■ **Exercise brief**:
All of the data below should be repeated exactly. Pictures should not be included.

■ **Supplied data**:
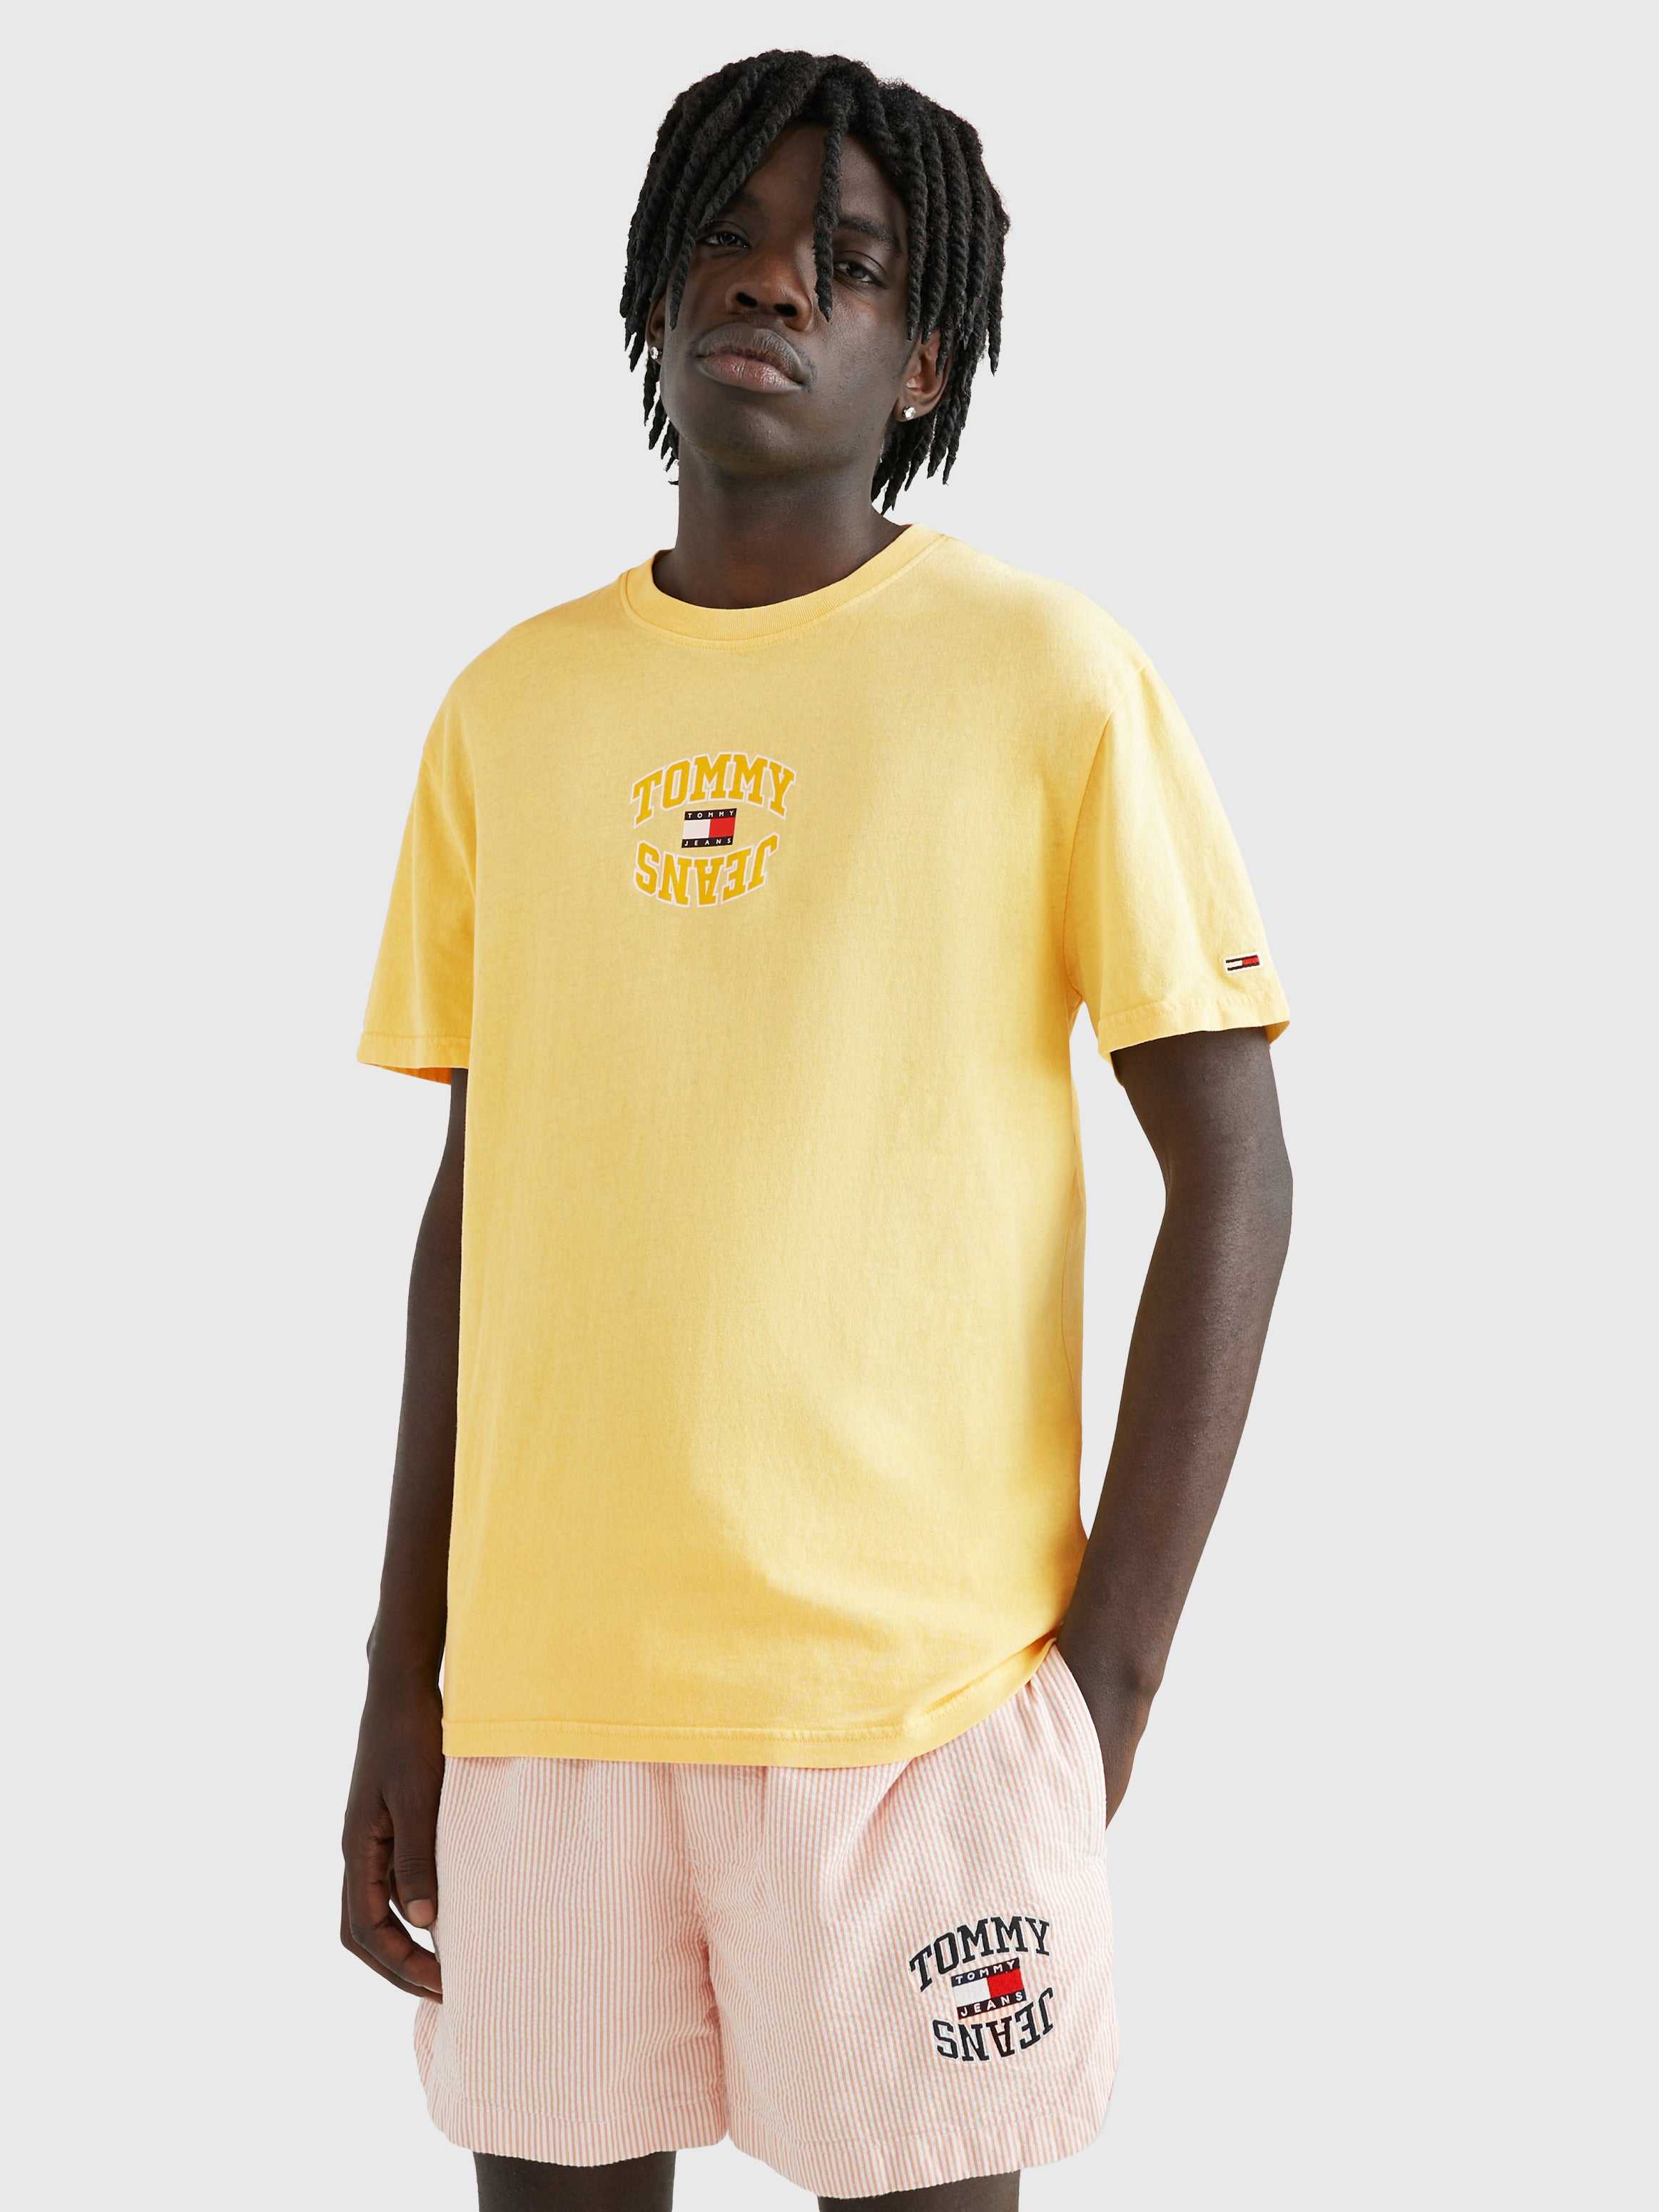 Tommy Hilfiger Mens Mirror Logo Classic Fit T-Shirt Lemon Zest DM16227 720
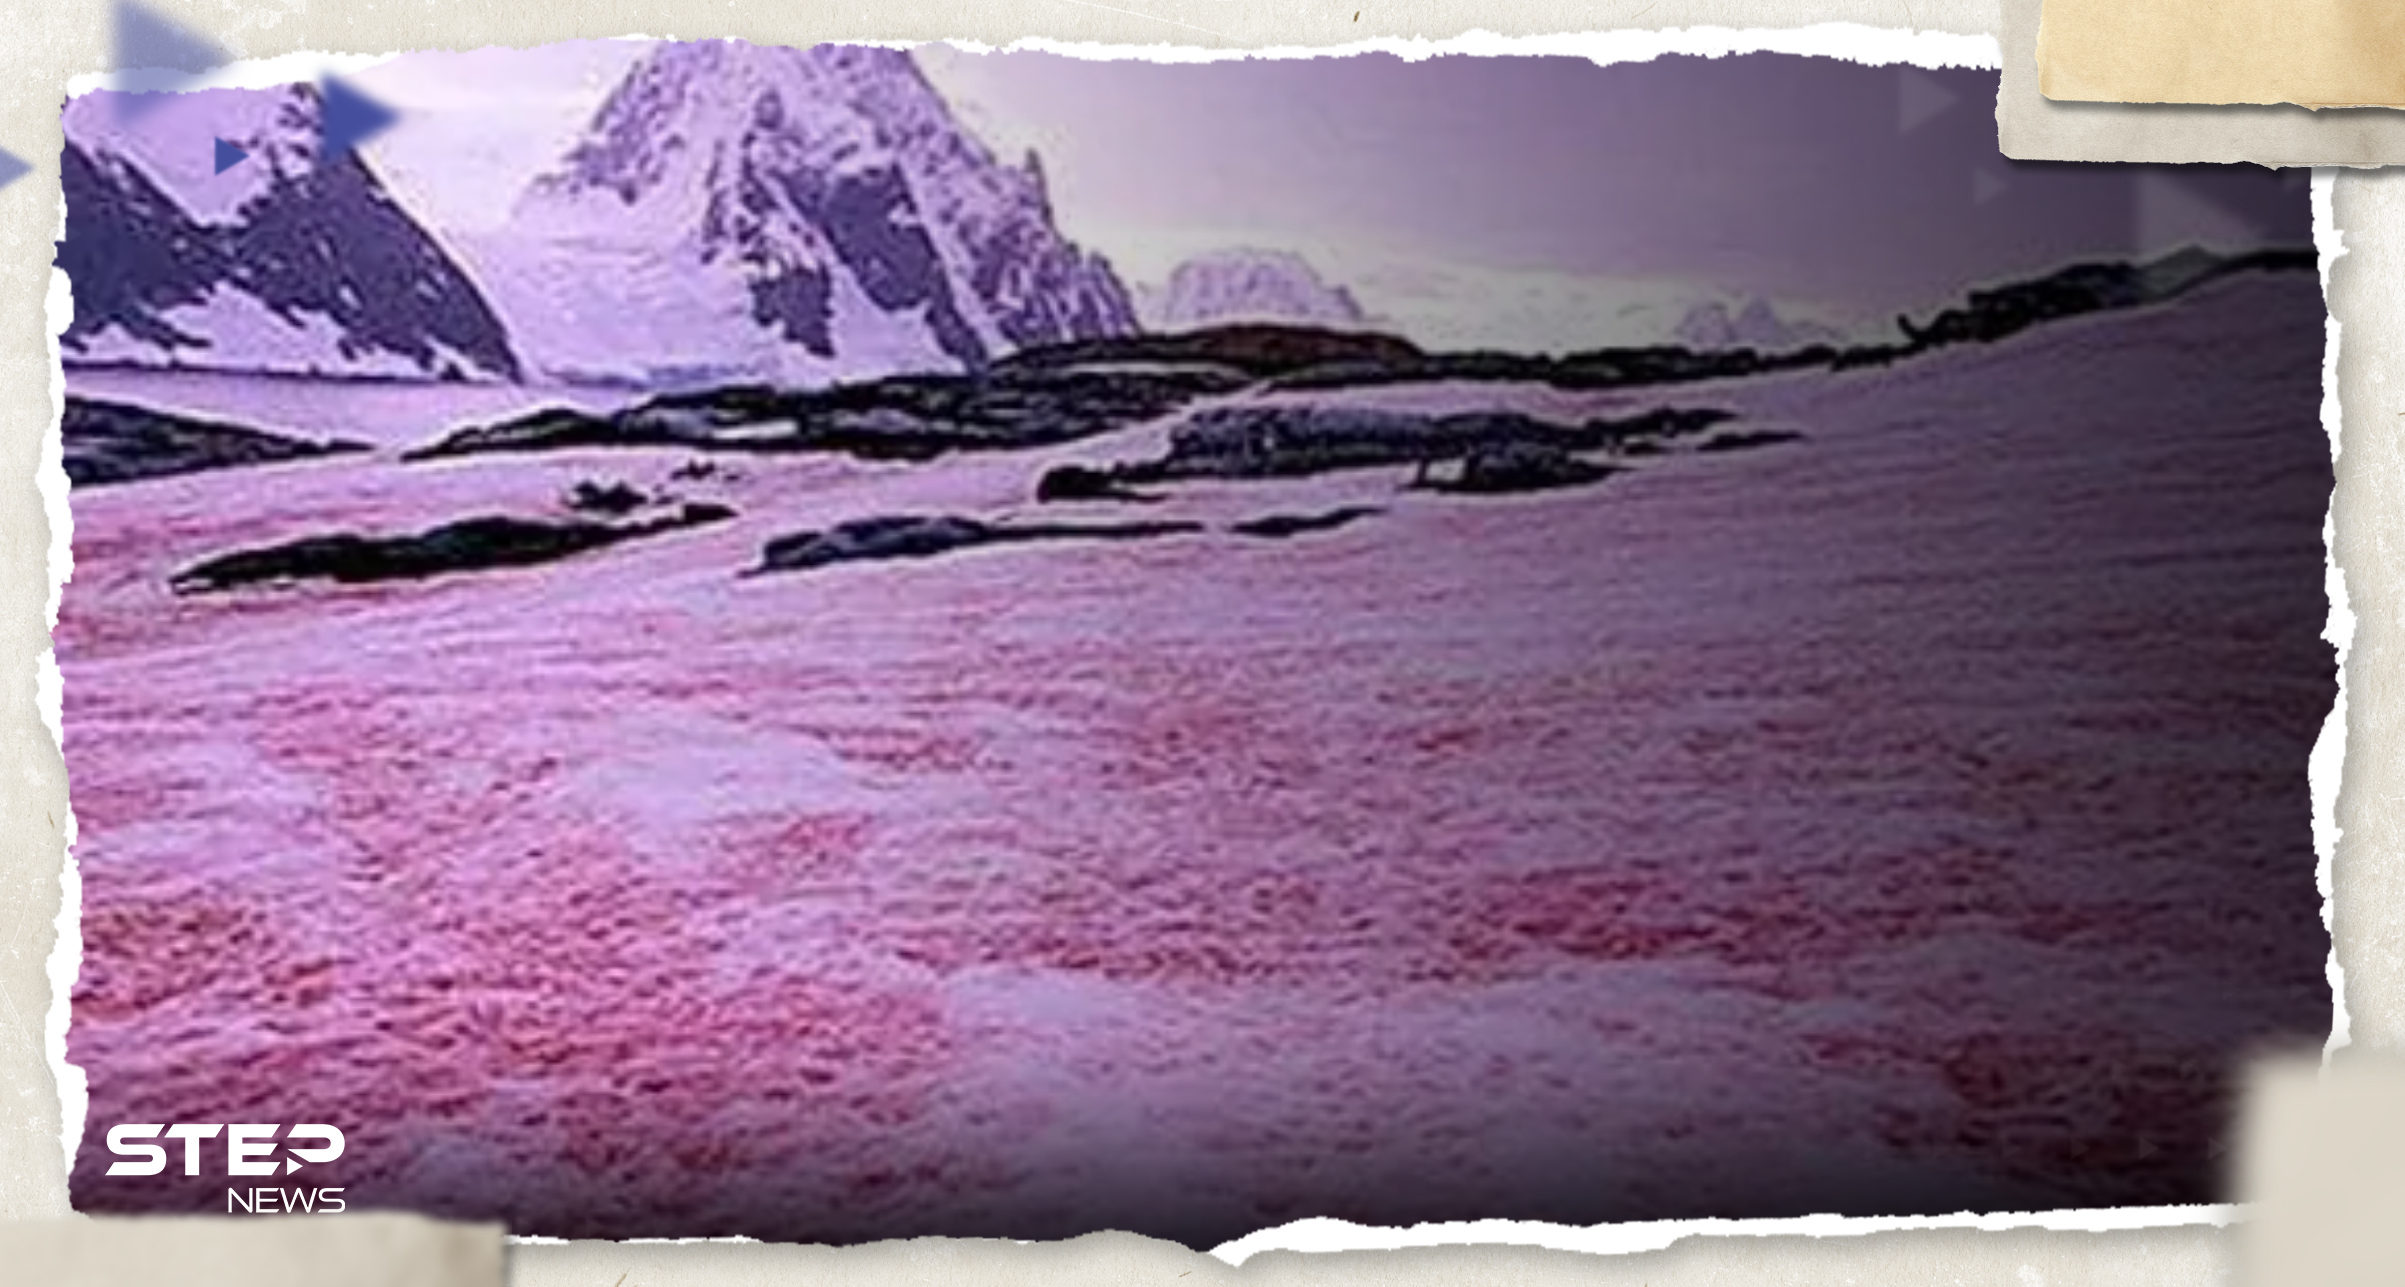 شاهد|| "الثلج الوردي".. سكان ولاية أمريكية يشهدون ظاهرة غريبة وعلماء يفسرونها
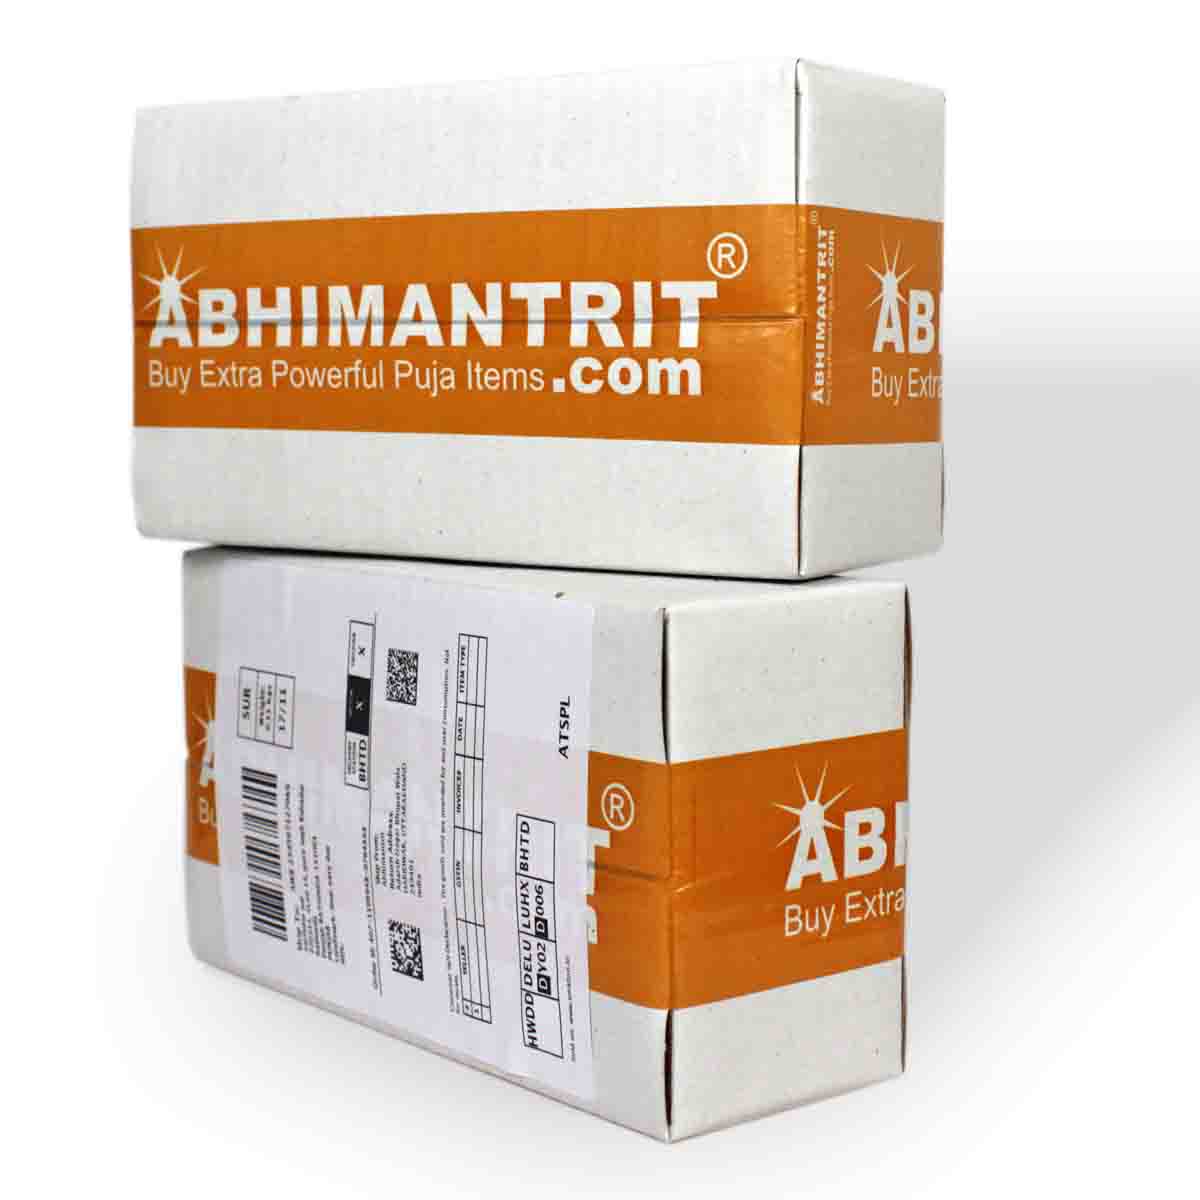 Abhimantrit Packing

■ **Answer area**:
 Tommy Hilfiger Mens Mirror Logo Classic Fit T-Shirt Lemon Zest DM16227 720
 شاهد|| "الثلج الوردي".. سكان ولاية أمريكية يشهدون ظاهرة غريبة وعلماء يفسرونها
 Abhimantrit Packing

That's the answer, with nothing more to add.